START Extracted data

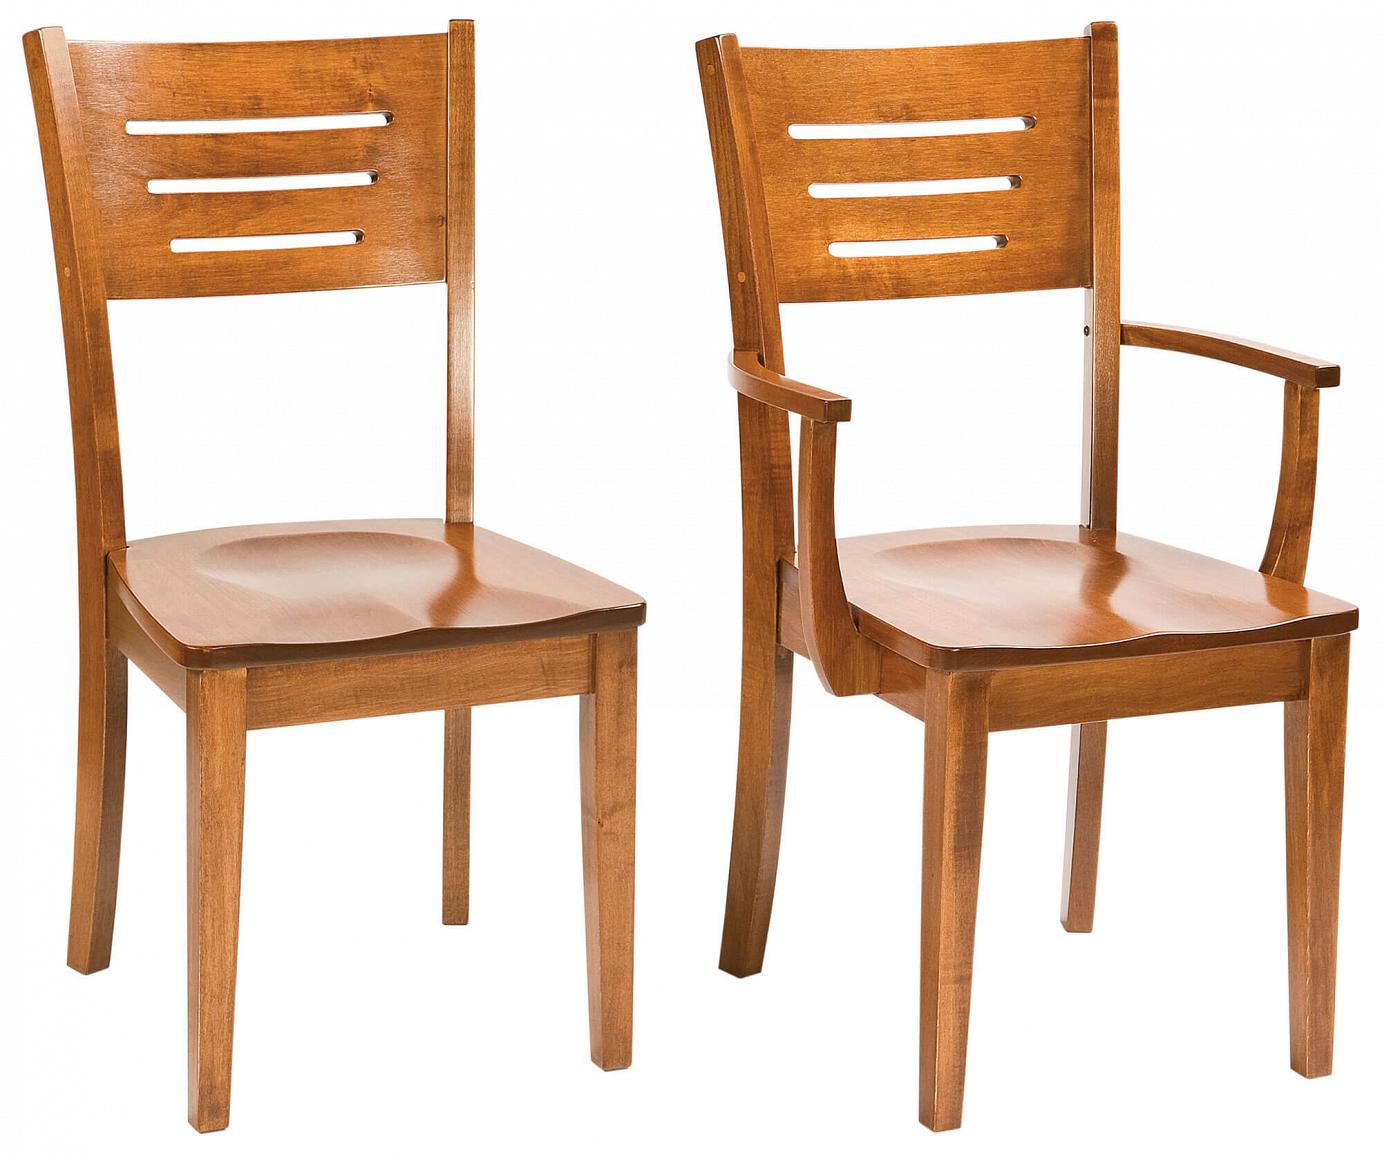 RH Yoder Jansen Chairs
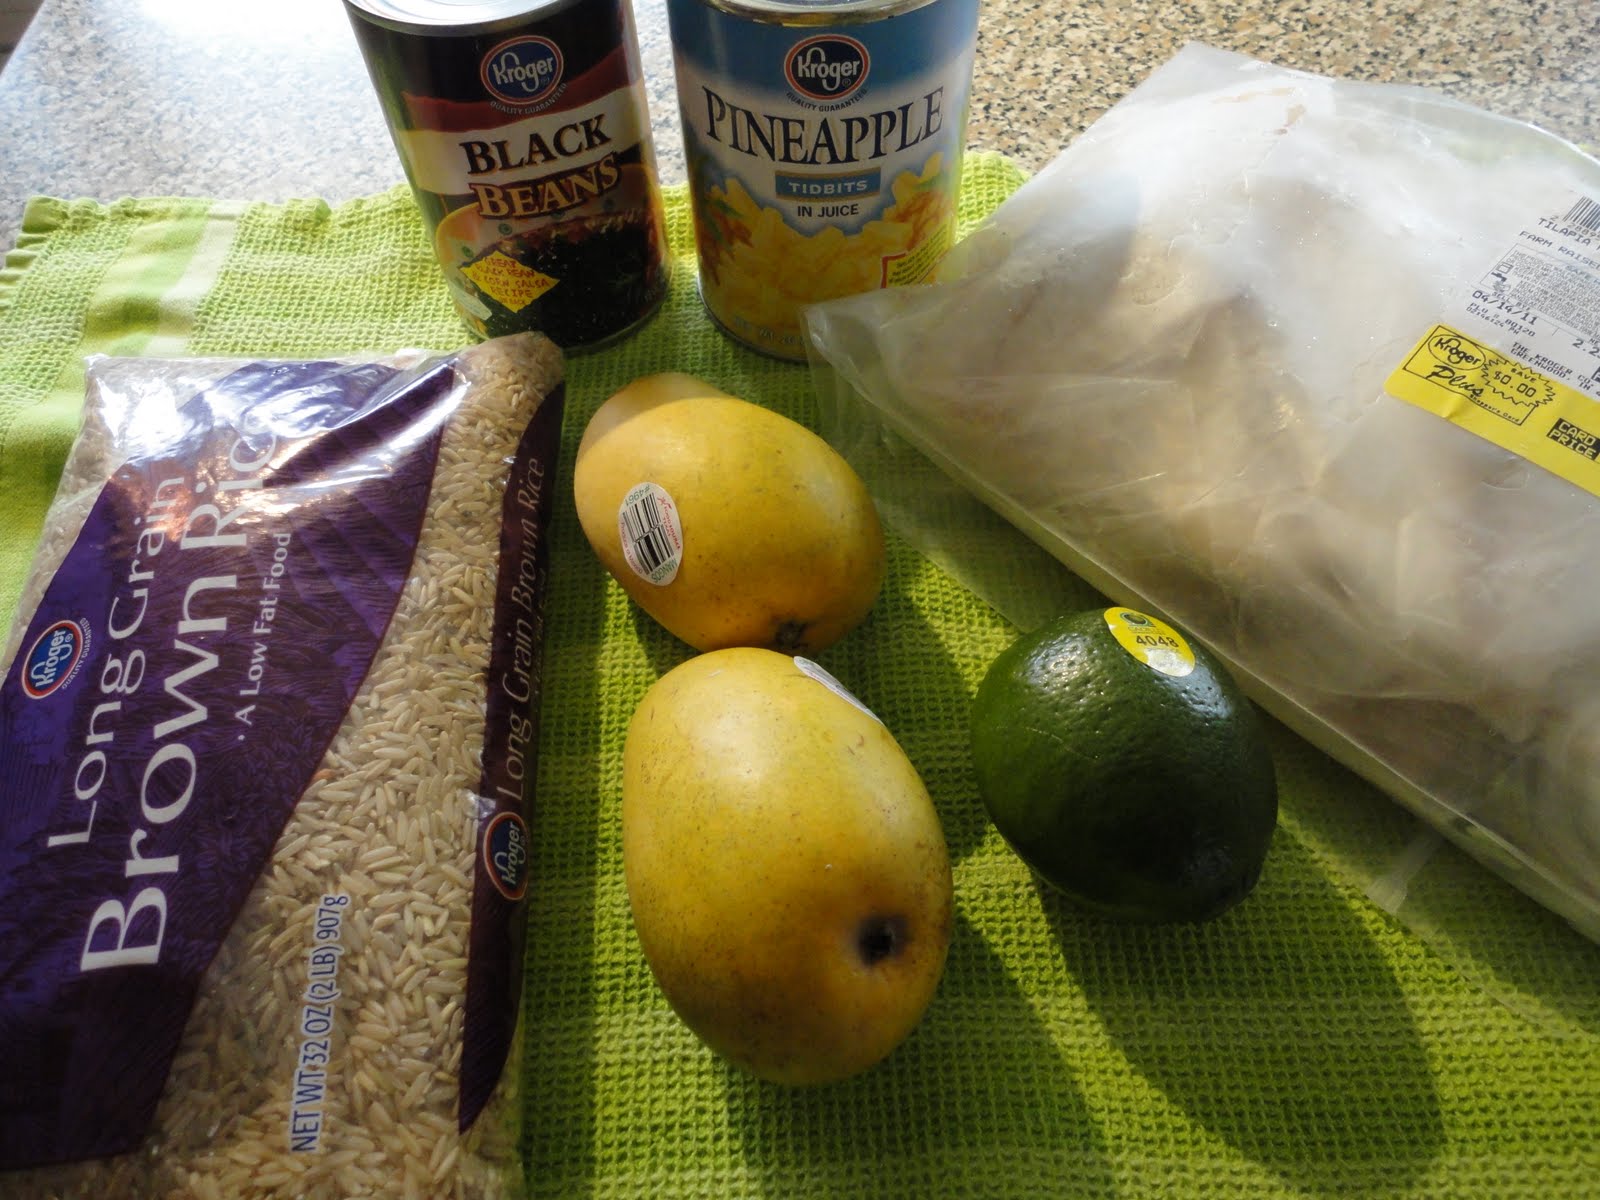 Lemons Bag, 2 lb - Kroger
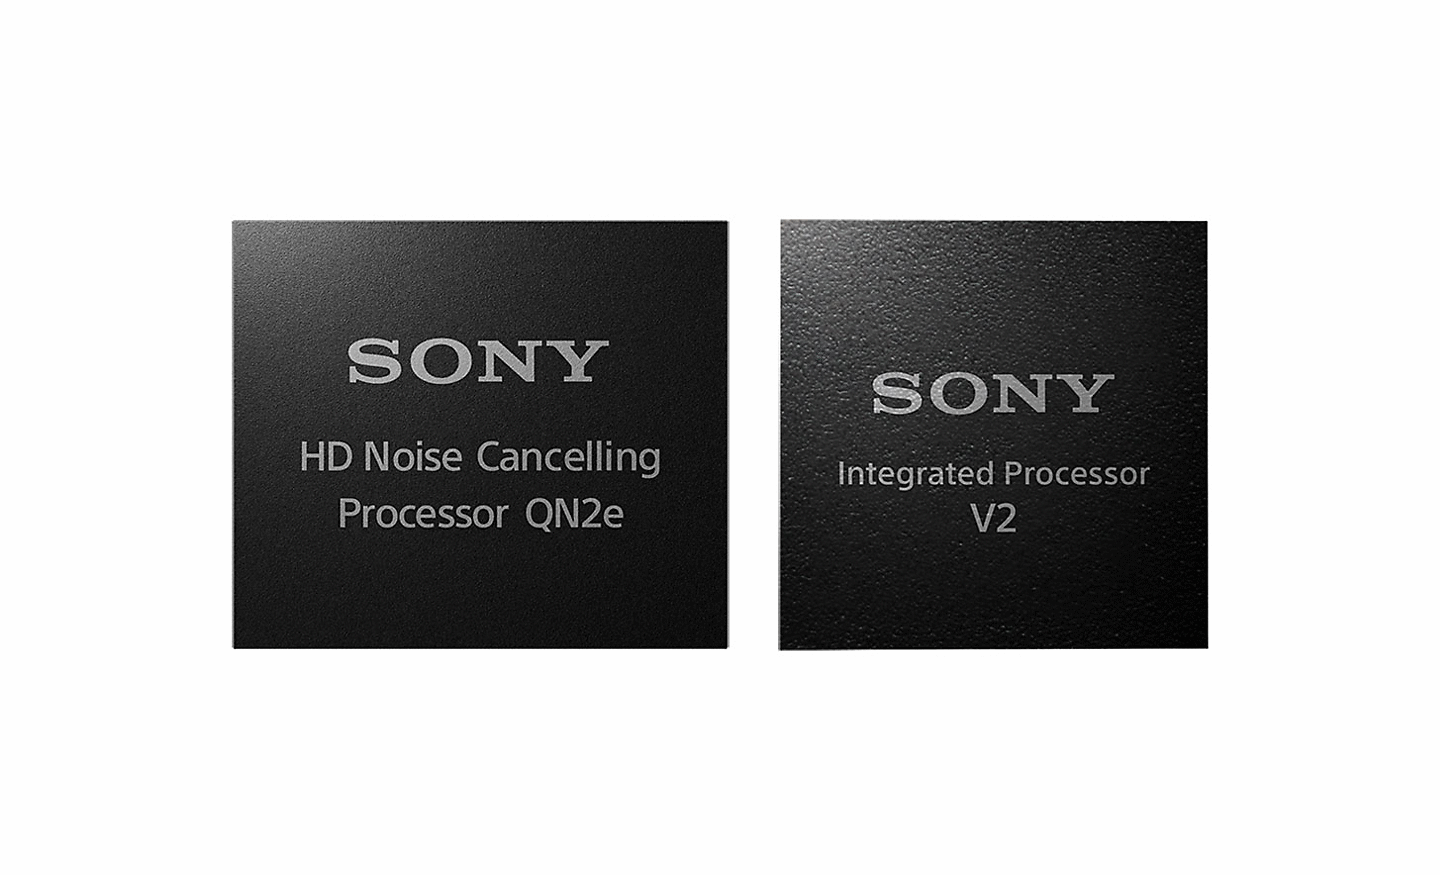 Image de deux processeurs, à gauche un processeur de réduction de bruit HD et à droite le processeur intégré V2
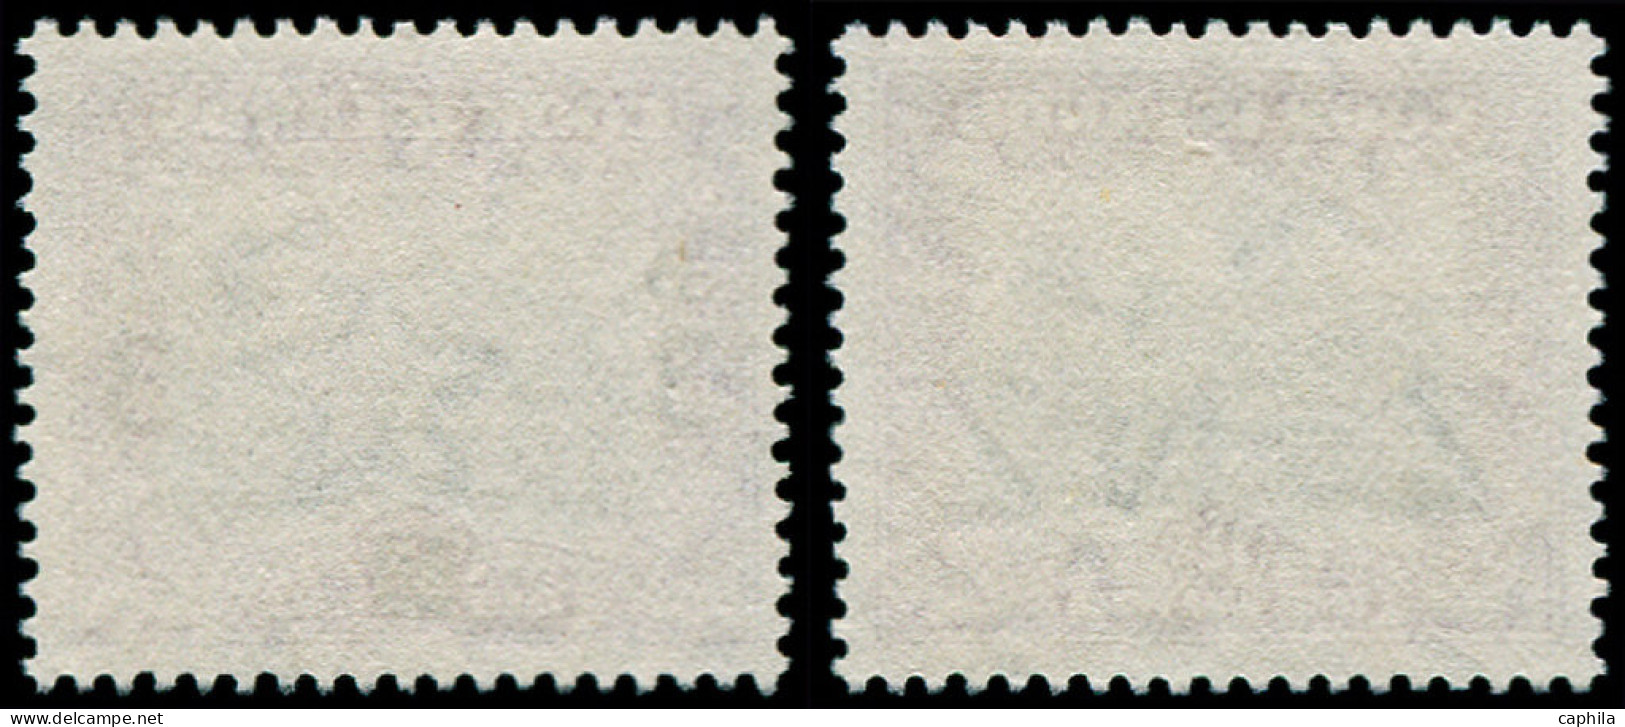 (*) COOK - Poste - 62, Non émis Sans Surcharge 1.50p. Violet & Noir (+ Timbre Normal), Non Répertorié Gibbons - Cook Islands
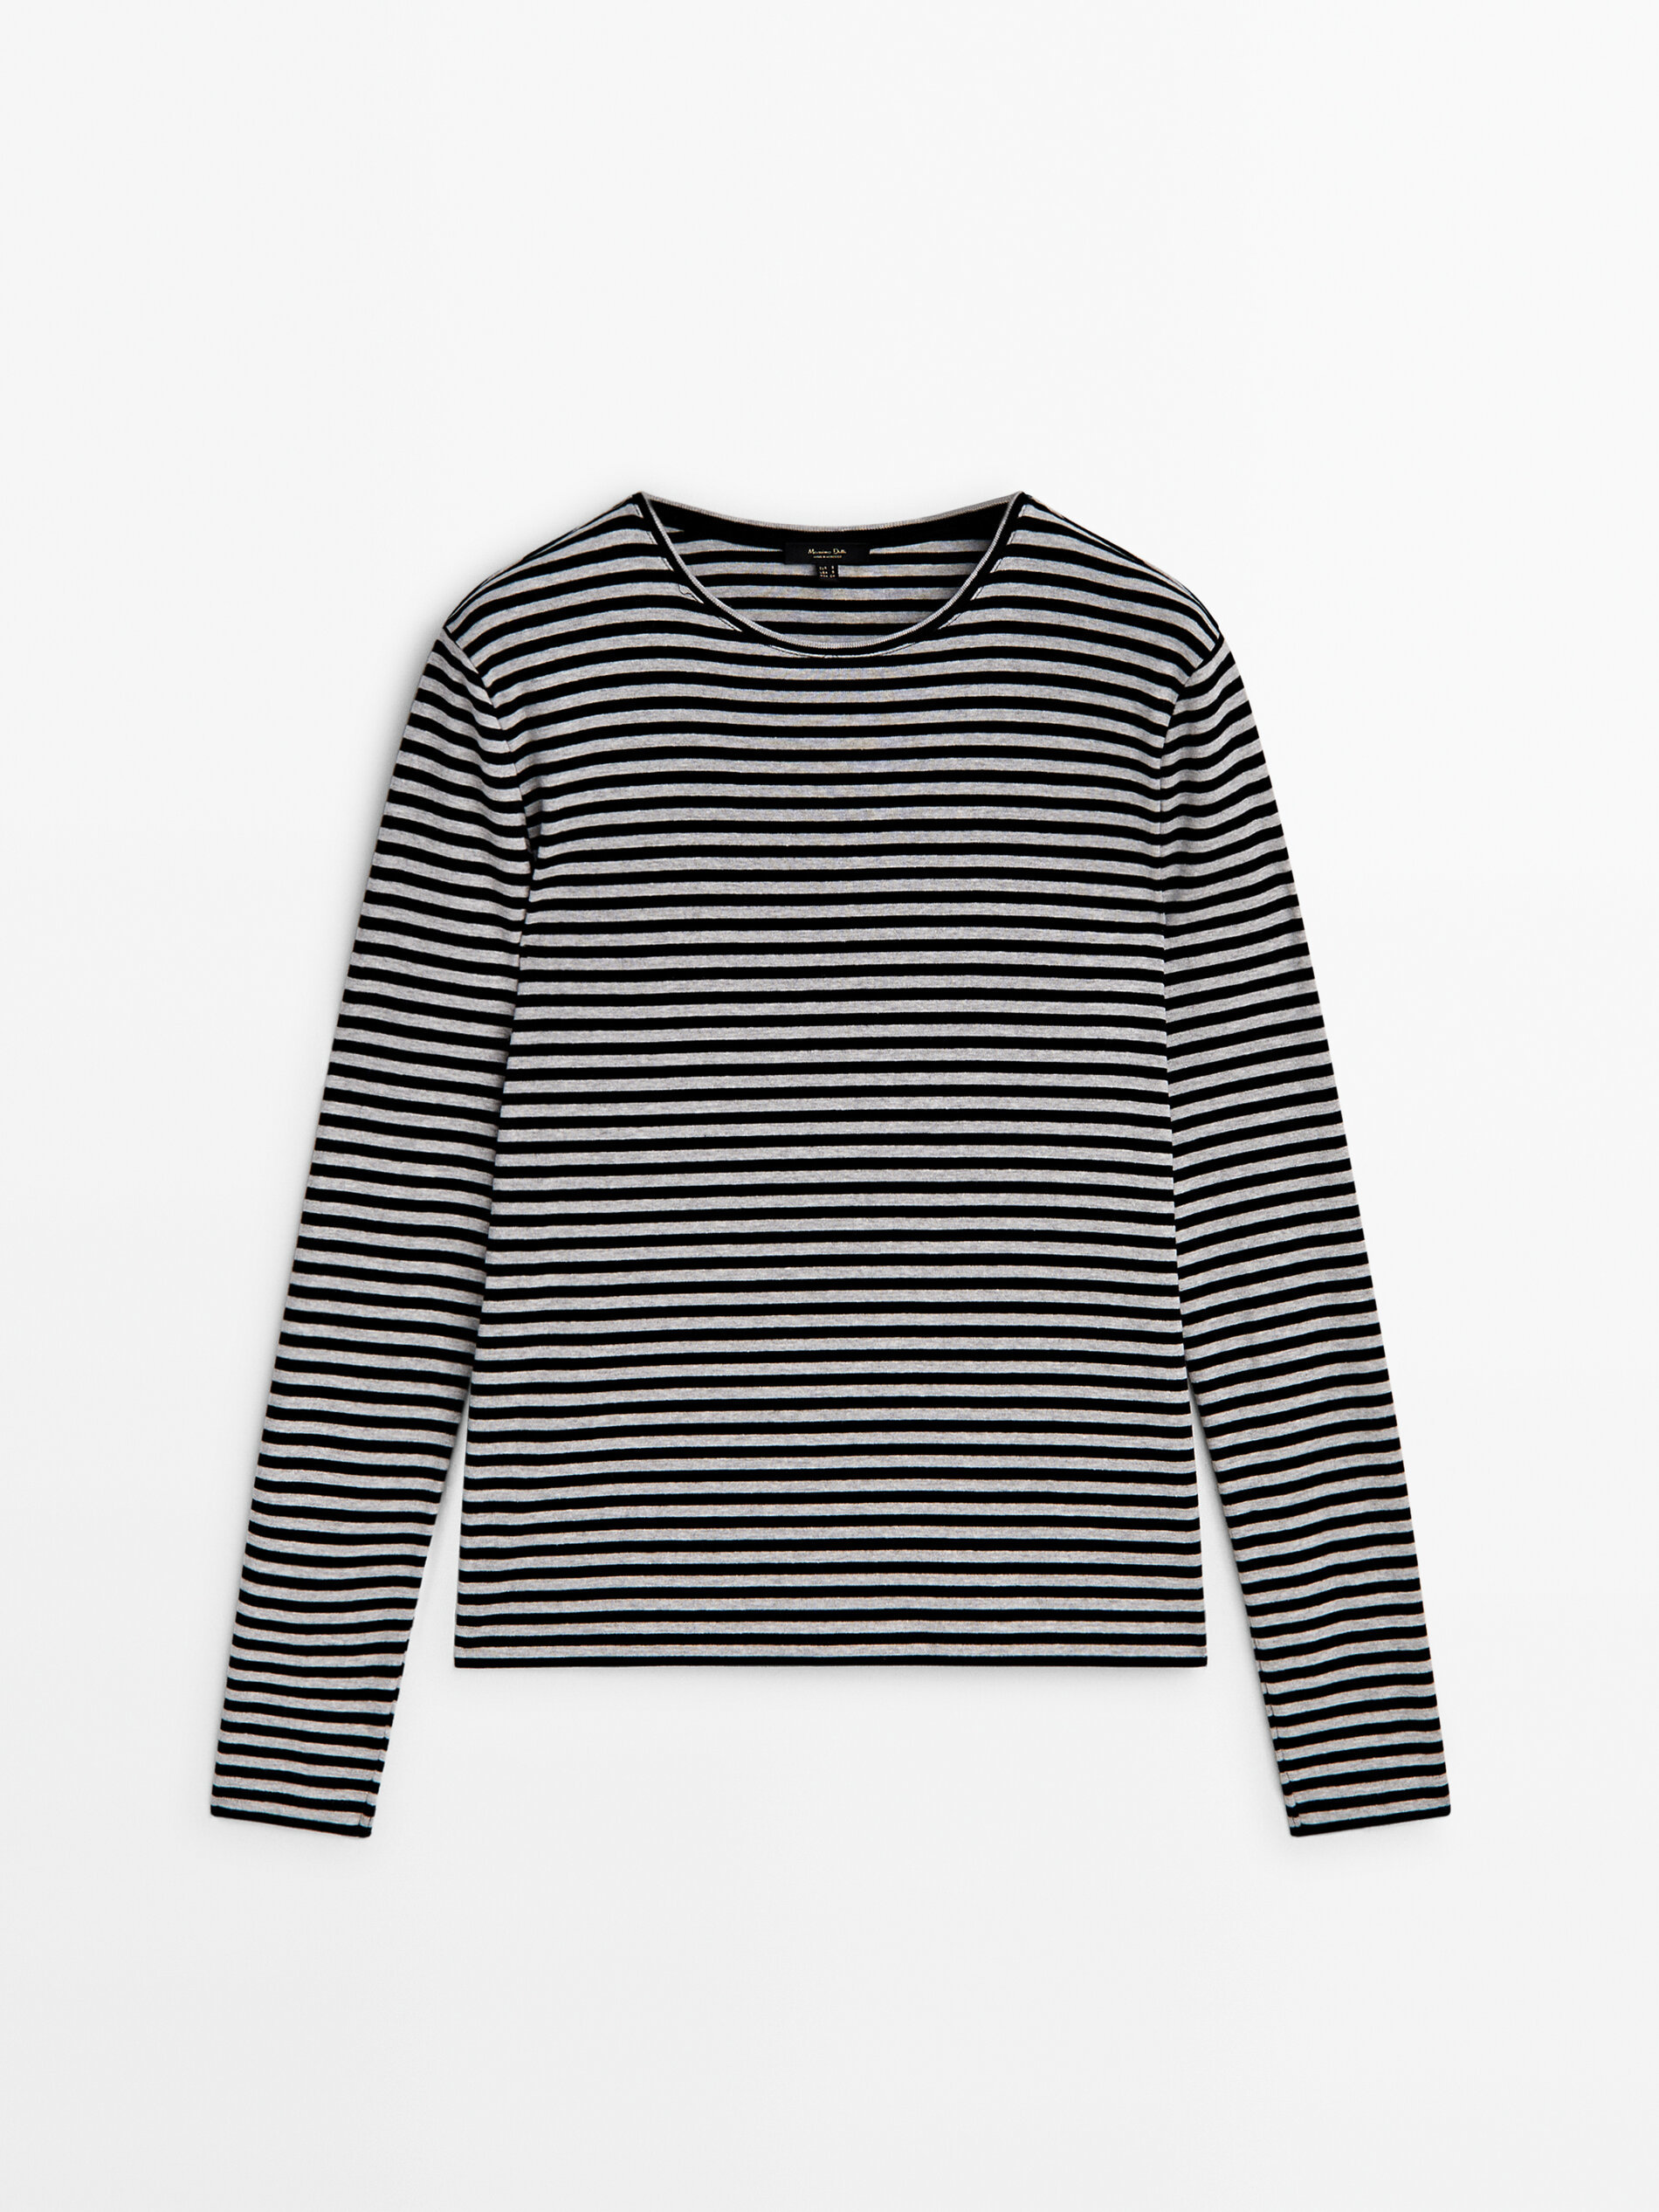 Ponte una camiseta de rayas marineras de manga larga con estilo, de la mano de Massimo Dutti

END Extracted data

▶ **Work required**: Leaving out every picture, extract verbatim the lines from the one containing "Lemons Bag, 2 lb - Kroger" through the last line of the listing, inclusive.

▶ **Exercise result**:
 Lemons Bag, 2 lb - Kroger
 Image de deux processeurs, à gauche un processeur de réduction de bruit HD et à droite le processeur intégré V2
 (*) COOK - Poste - 62, Non émis Sans Surcharge 1.50p. Violet & Noir (+ Timbre Normal), Non Répertorié Gibbons - Cook Islands
 Ponte una camiseta de rayas marineras de manga larga con estilo, de la mano de Massimo Dutti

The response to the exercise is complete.